In some cases, bleeding "cancellation" may not develop during a break in taking the tablets. In case of irregular taking of tablets or in the absence of two menstrual-like bleedings in a row, pregnancy should be excluded until the drug is taken.
It is possible to change the results of skin allergic tests, decrease the concentration of luteinizing hormone (LH) and follicle-stimulating hormone (FSH). Due to the fact that the contraceptive effect is fully manifested by the 7th day from the beginning of the drug intake, in the first week additional nonhormonal methods of contraception are recommended.
Prescribe the drug after delivery in the absence of breastfeeding is recommended only after the completion of the first normal menstrual cycle.
Treatment should be stopped 3 months before the planned pregnancy.
With diarrhea and vomiting, the contraceptive effect is reduced (without stopping the drug, it is necessary to use additional non-hormonal methods of contraception).
Tumors
There are reports of a slight increase in the risk of developing cervical cancer with prolonged use of COCs. The connection with the reception of the COC has not been proved. The question remains to what extent these findings are related to the pathology of the cervix or to the peculiarities of sexual behavior (the more rare use of barrier methods of contraception). The most significant risk factor for developing cervical cancer is persistent papillomavirus infection. A meta-analysis of 54 epidemiological studies showed that there is a slightly increased relative risk of developing breast cancer diagnosed in women currently taking COCs (relative risk 1.24). The increased risk gradually disappears within 10 years after discontinuation of these medications. Due to the fact that breast cancer is rarely seen in women under 40 years of age, the increase in the number of diagnoses of breast cancer in women who are currently taking COCs or who have recently taken COC is insignificant in relation to the overall risk of this disease. His connection with the use of COC has not been proven.The observed increase in risk may also be a consequence of an earlier diagnosis of breast cancer in women using COCs. Women who have ever used COC have earlier stages of breast cancer than women who have never used them.

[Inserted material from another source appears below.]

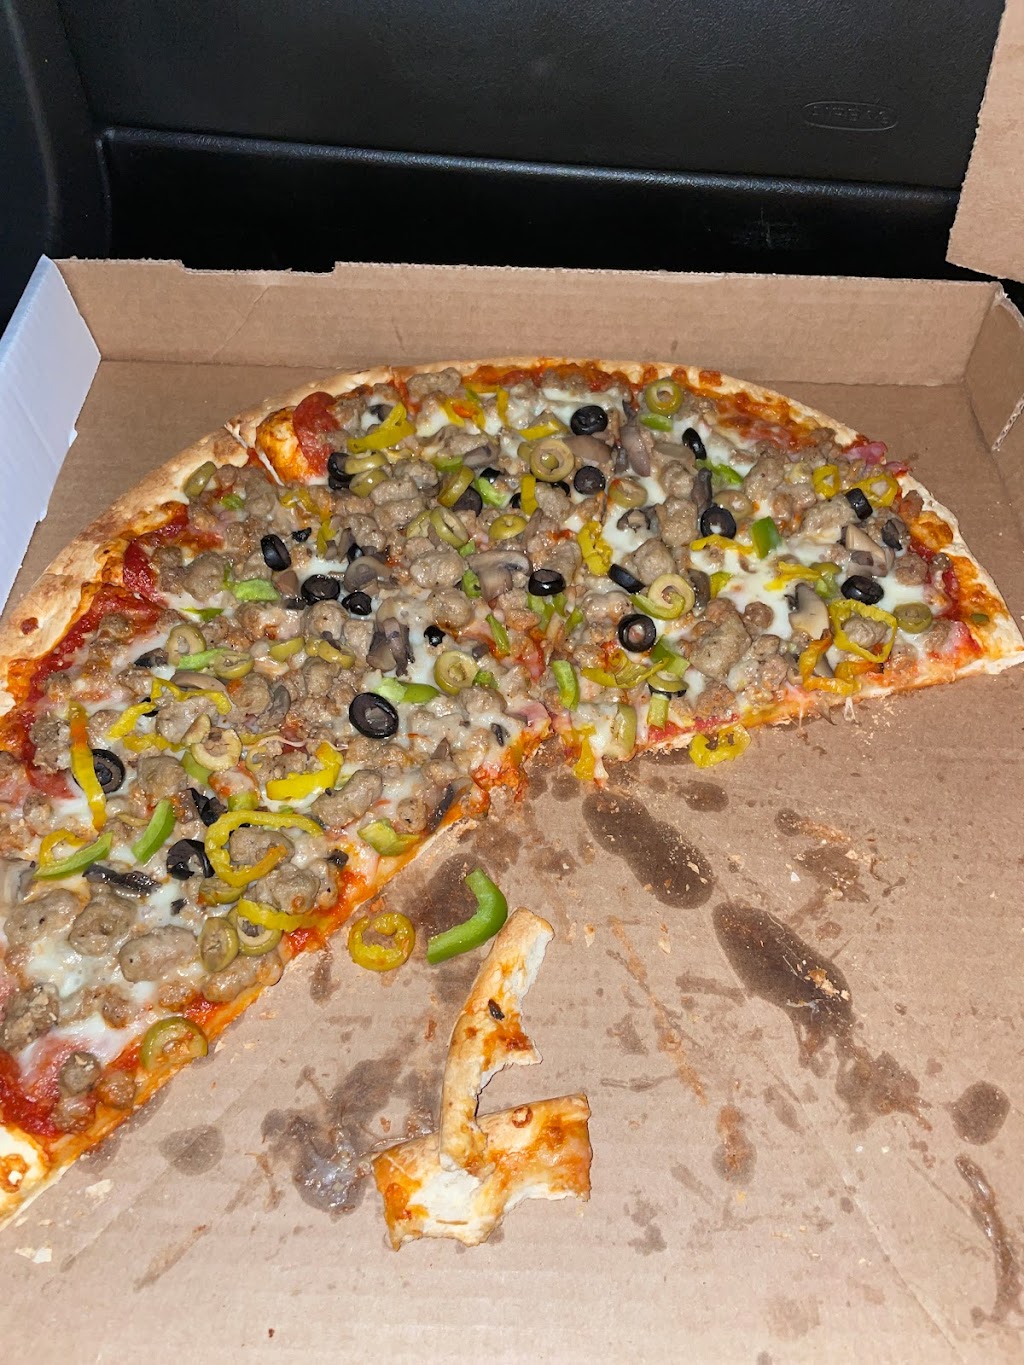 Daves Pizza | 2057 LA-10, Jackson, LA 70748, USA | Phone: (225) 634-5718

In rare cases, against the background of the use of COC, the development of liver tumors was observed, which in some cases led to life-threatening intraabdominal hemorrhage. This should be taken into account when making a differential diagnosis in the event of severe pain in the abdomen, liver enlargement, or signs of intra-abdominal bleeding.
Laboratory Tests
The use of COCs can influence the results of laboratory tests, including biochemical indices of liver, thyroid, adrenal and kidney efficiency, the concentration of plasma proteins, for example, corticosteroid-binding globulin, lipid / lipoprotein composition of blood, carbohydrate metabolism and indicators of the blood coagulation system. However, usually deviations remain within the range of normal laboratory values.